WHAT YOU SHOULD DO> Every line below needs to be printed again exactly, without any of its pictures.

DATA BELOW>
---------------

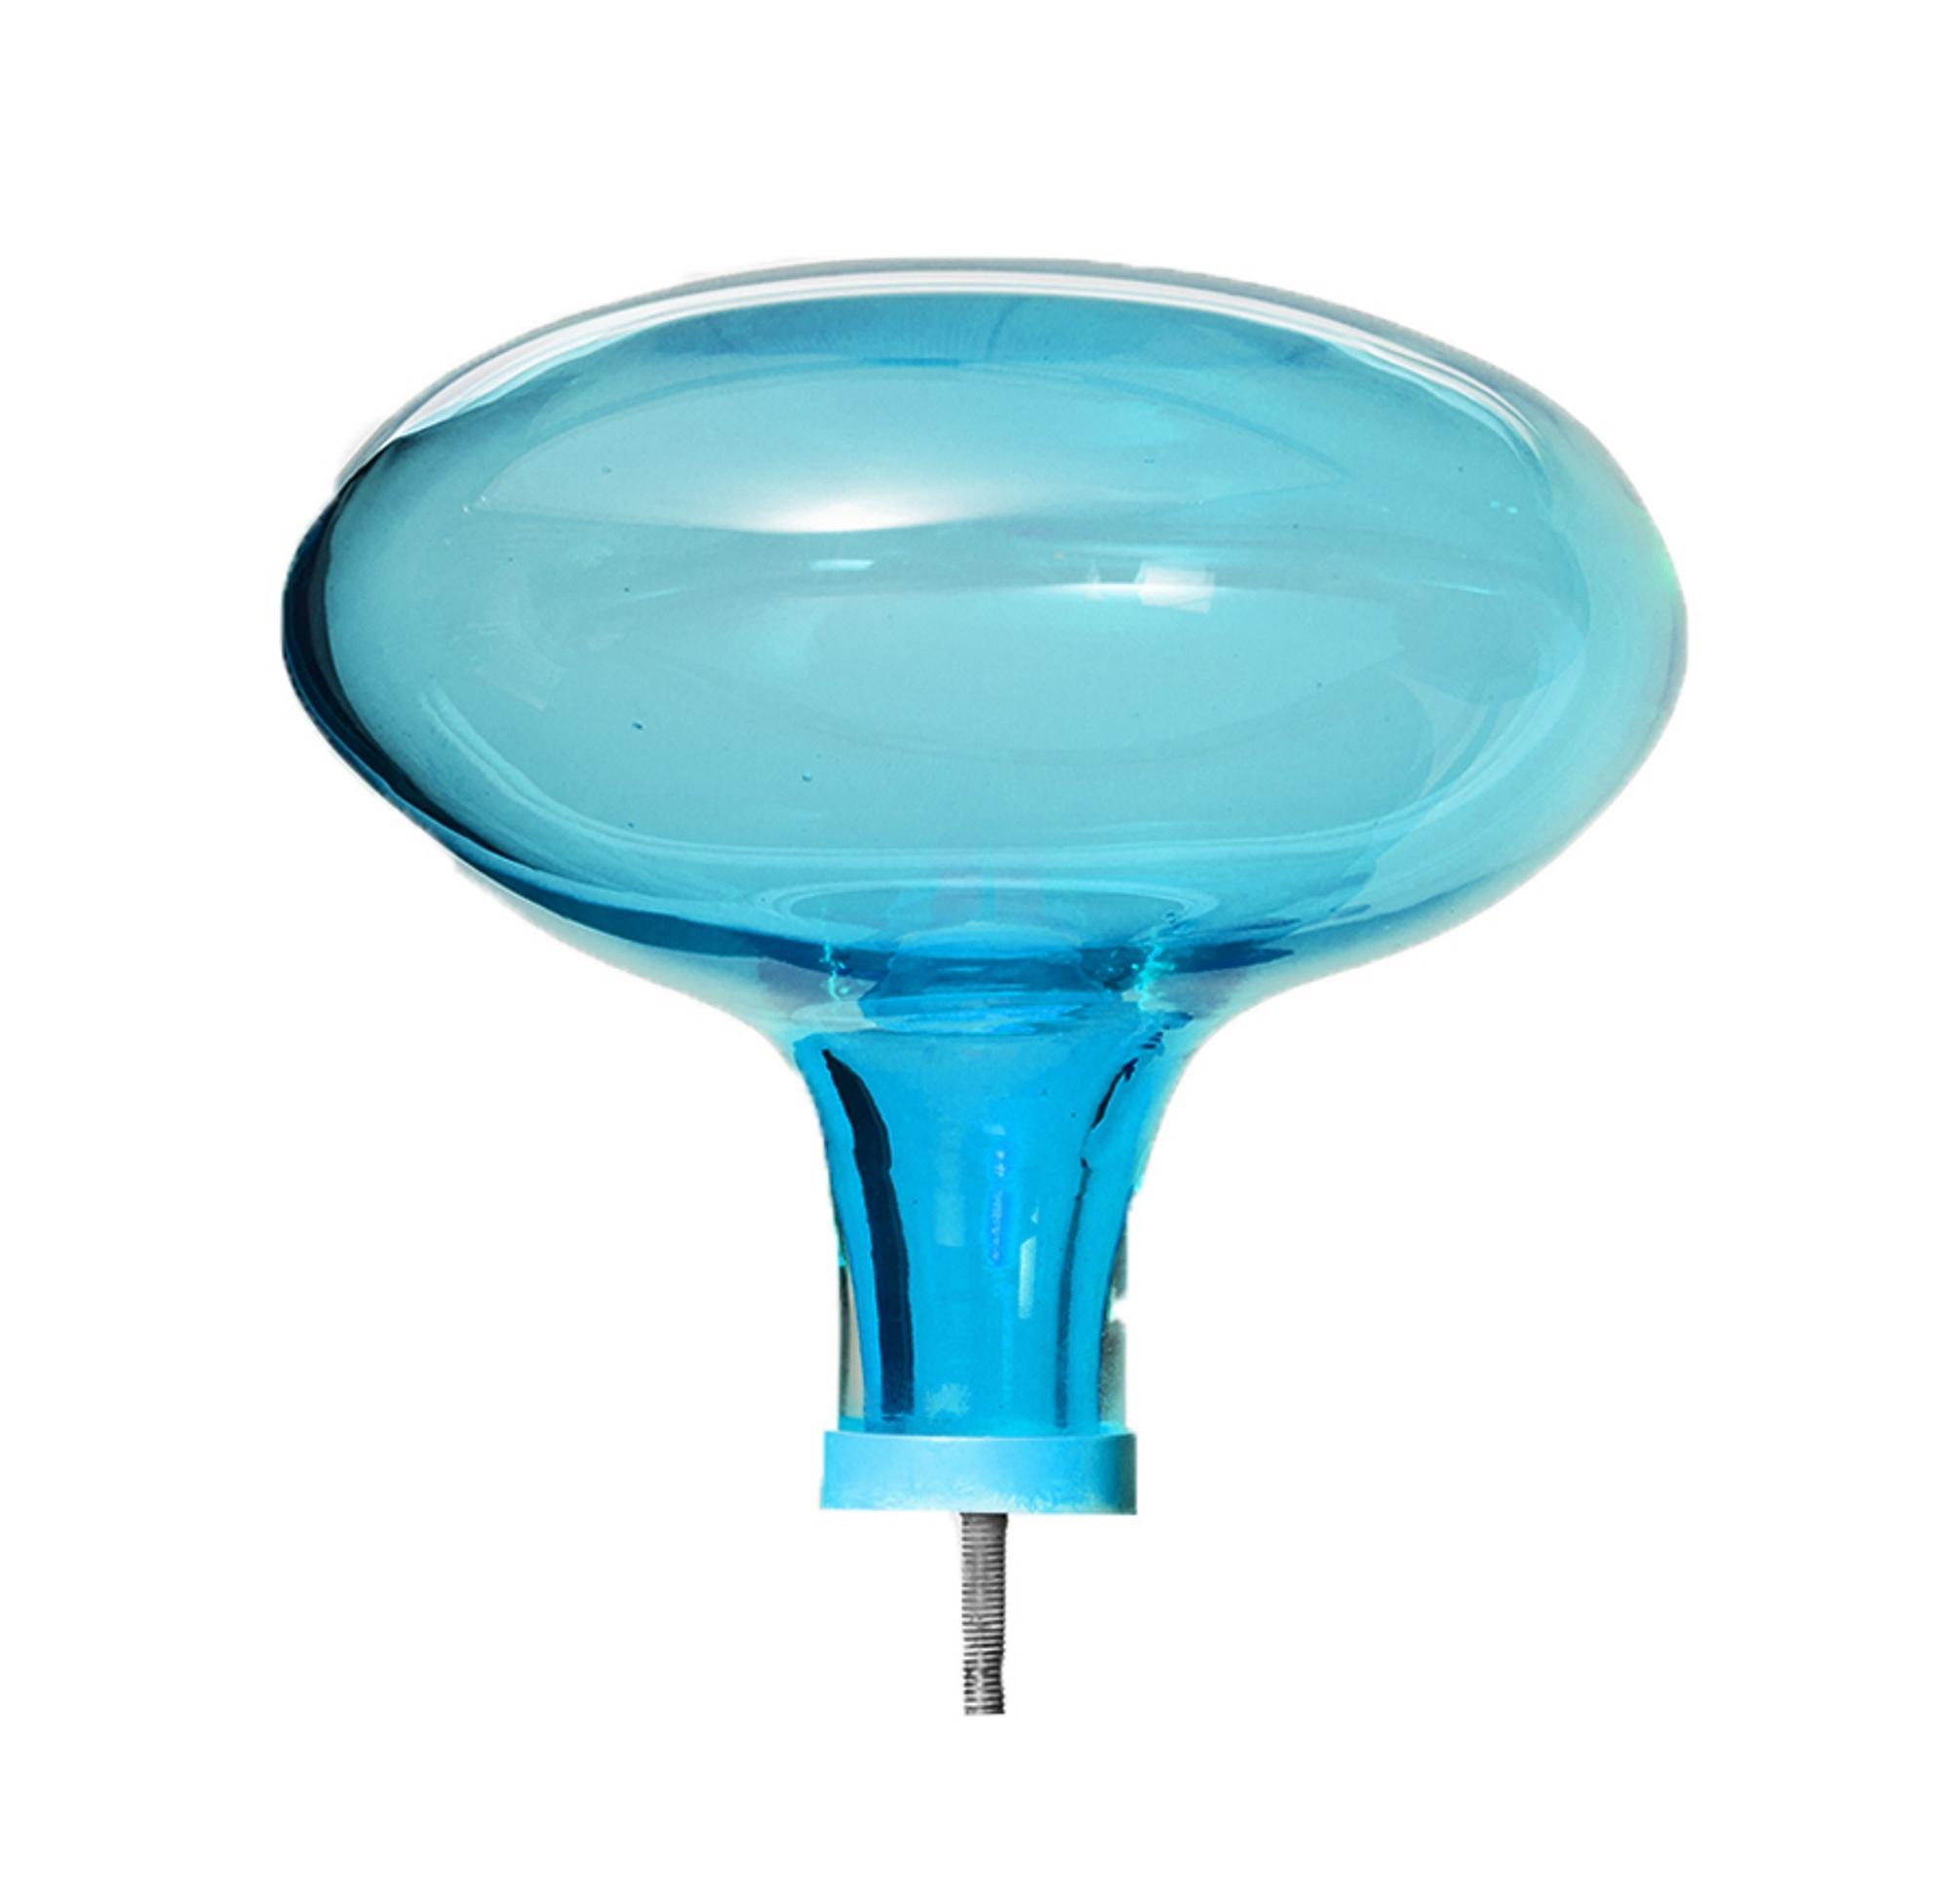 Bubble Garderobenhaken Groß Petite Friture-Blau
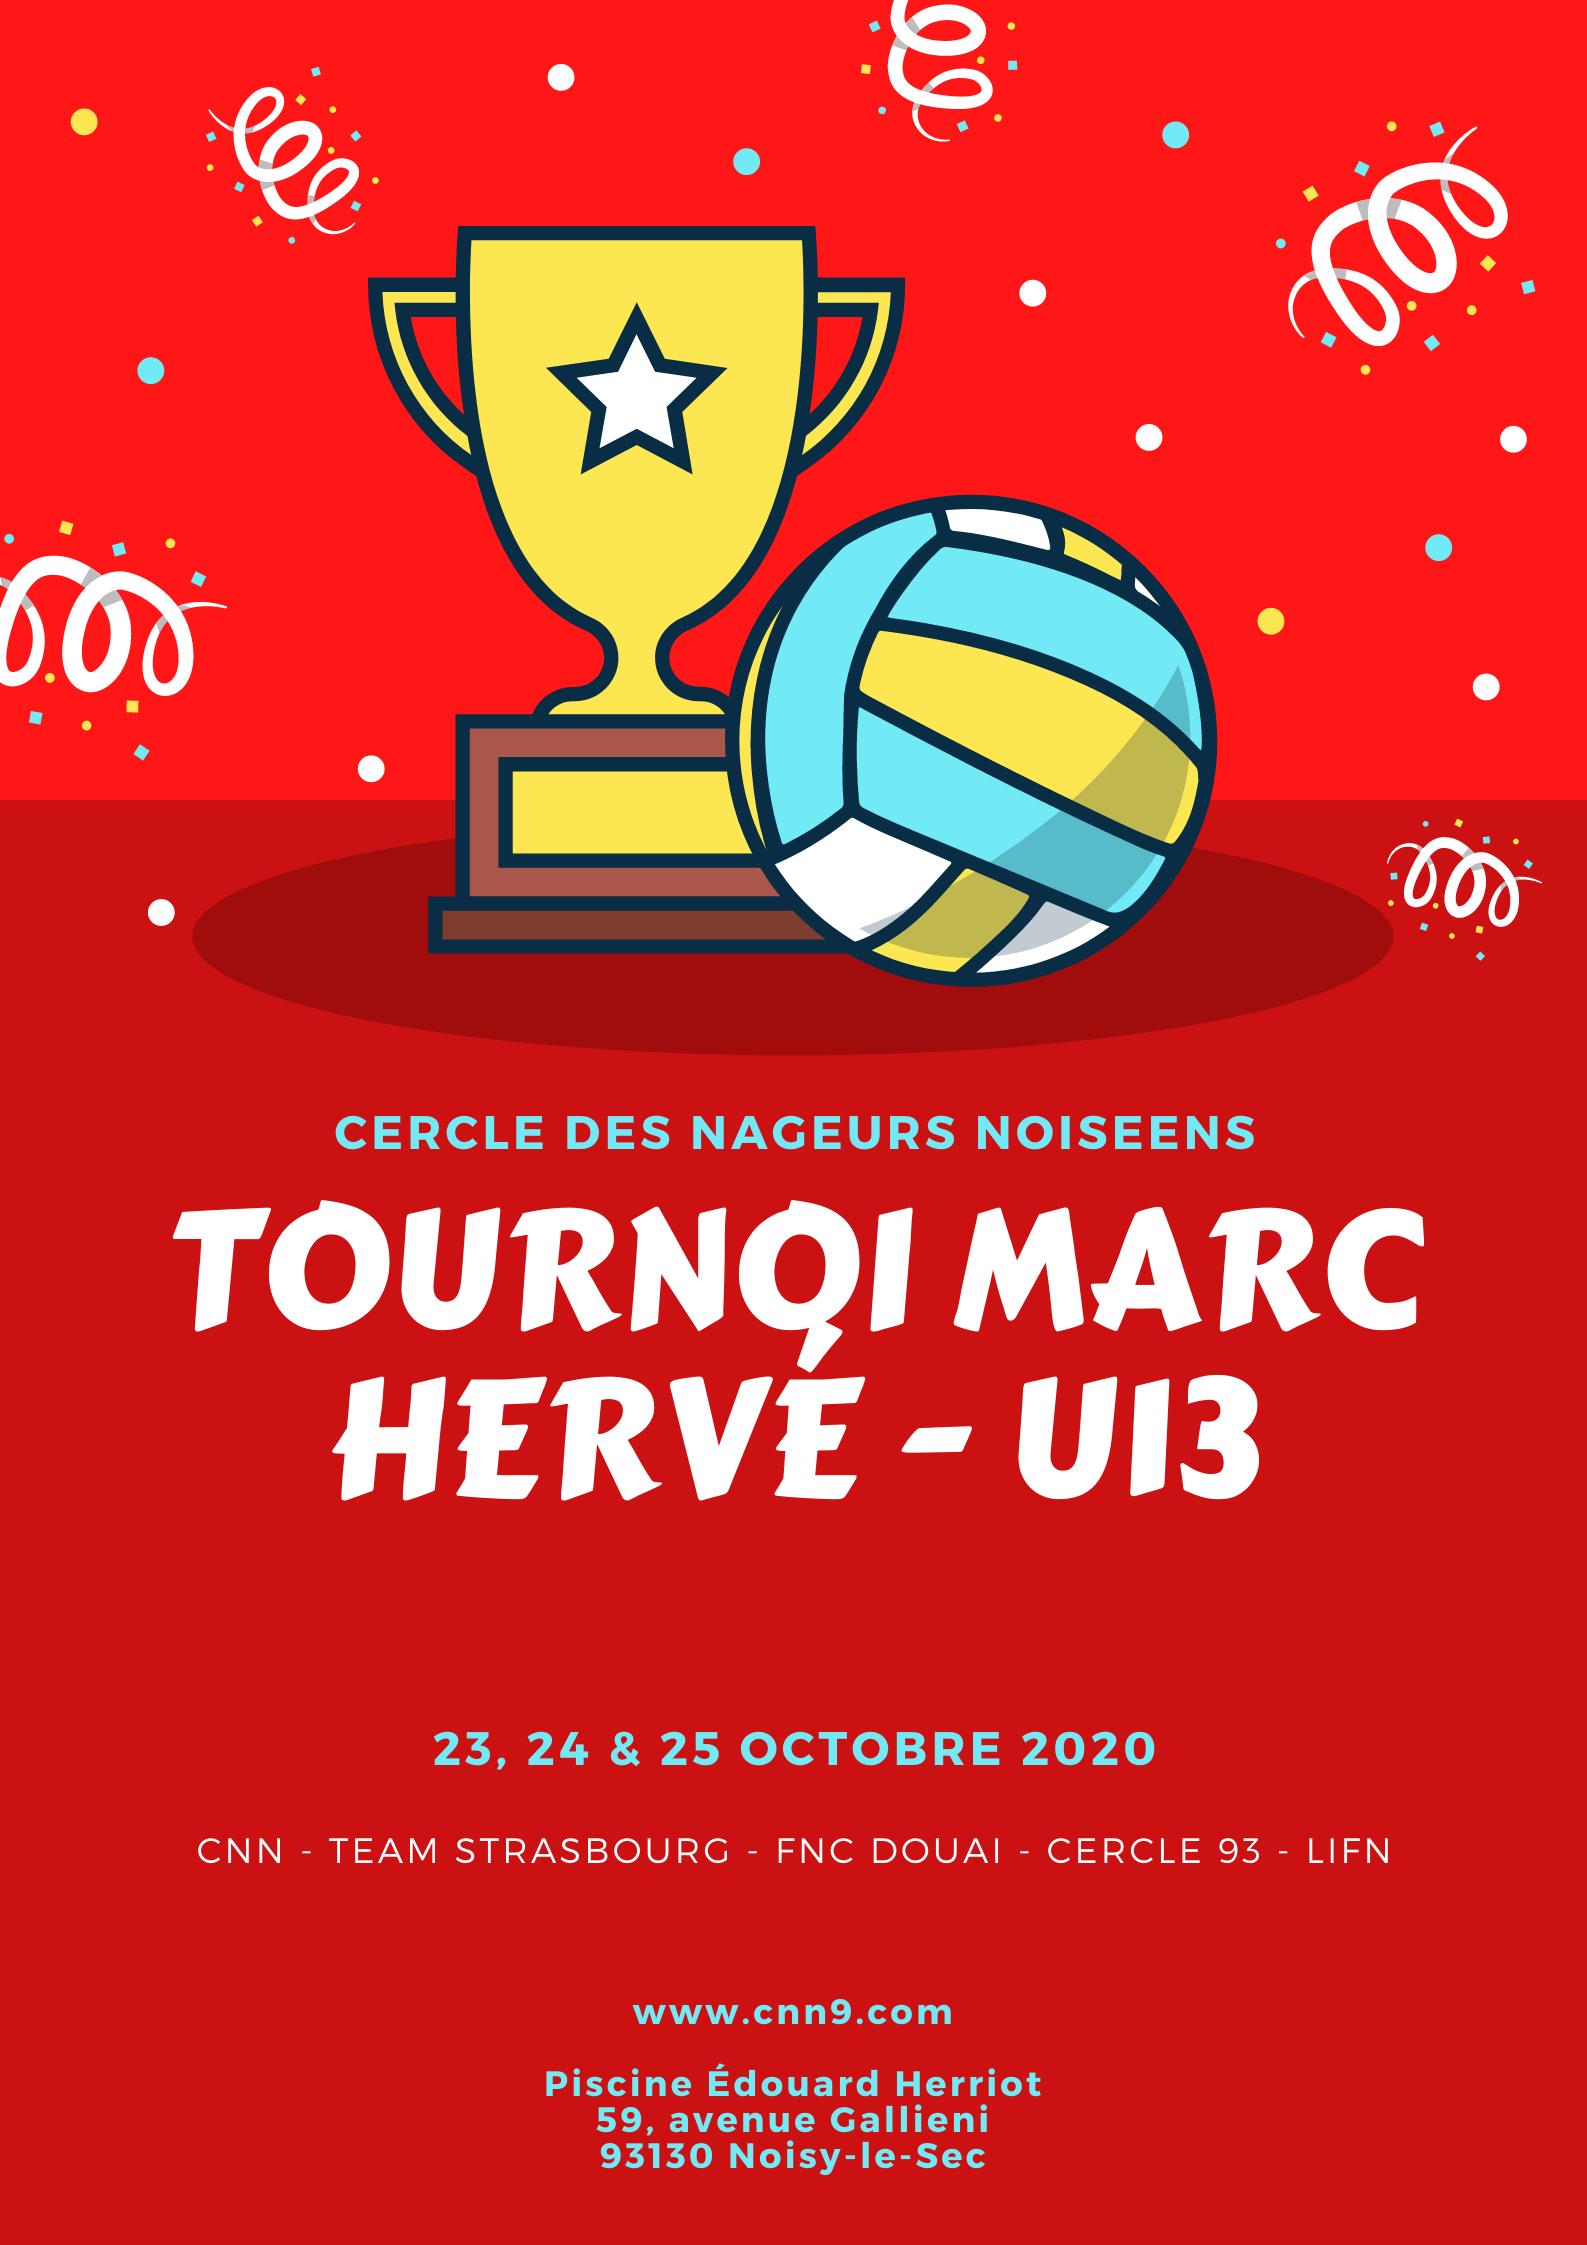 TOURNOI MARC HERVÉ - U13
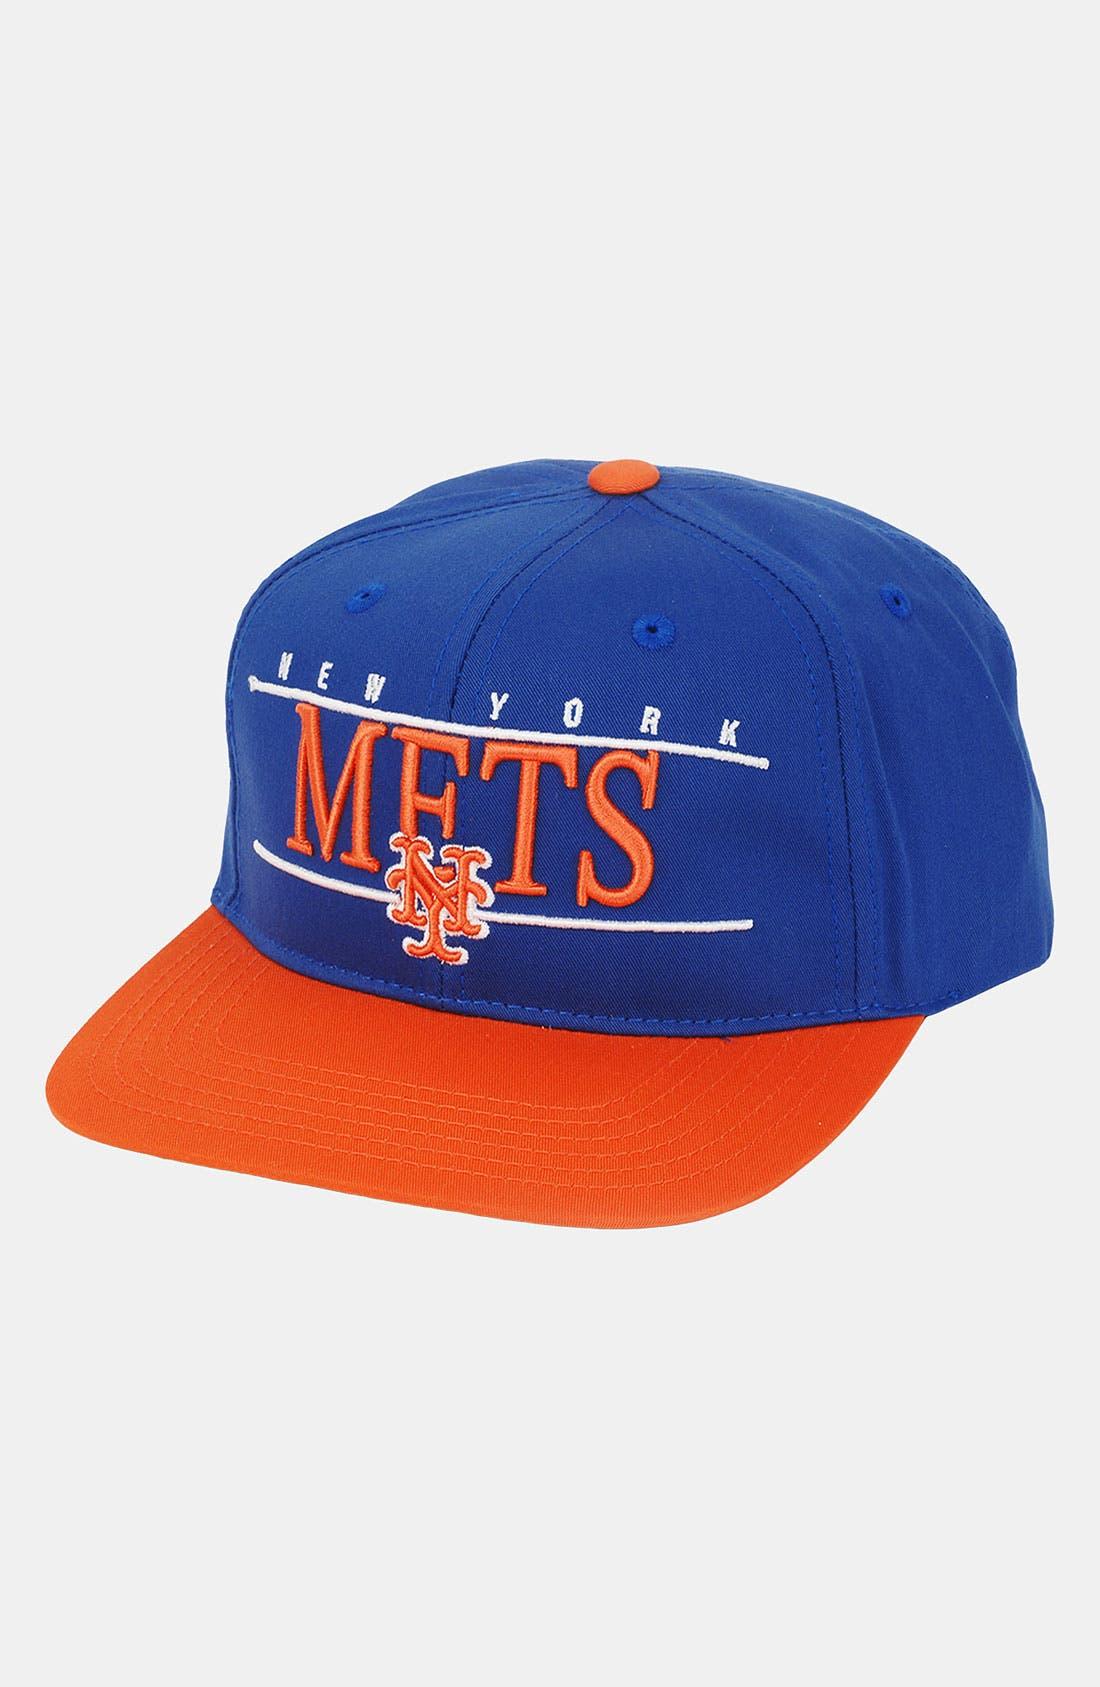 Alternate Image 1 Selected - American Needle 'New York Mets - Nineties' Twill Snapback Baseball Cap

---------------

TASK OUTPUT>
 Bubble Garderobenhaken Groß Petite Friture-Blau
 TOURNOI MARC HERVÉ - U13
 Alternate Image 1 Selected - American Needle 'New York Mets - Nineties' Twill Snapback Baseball Cap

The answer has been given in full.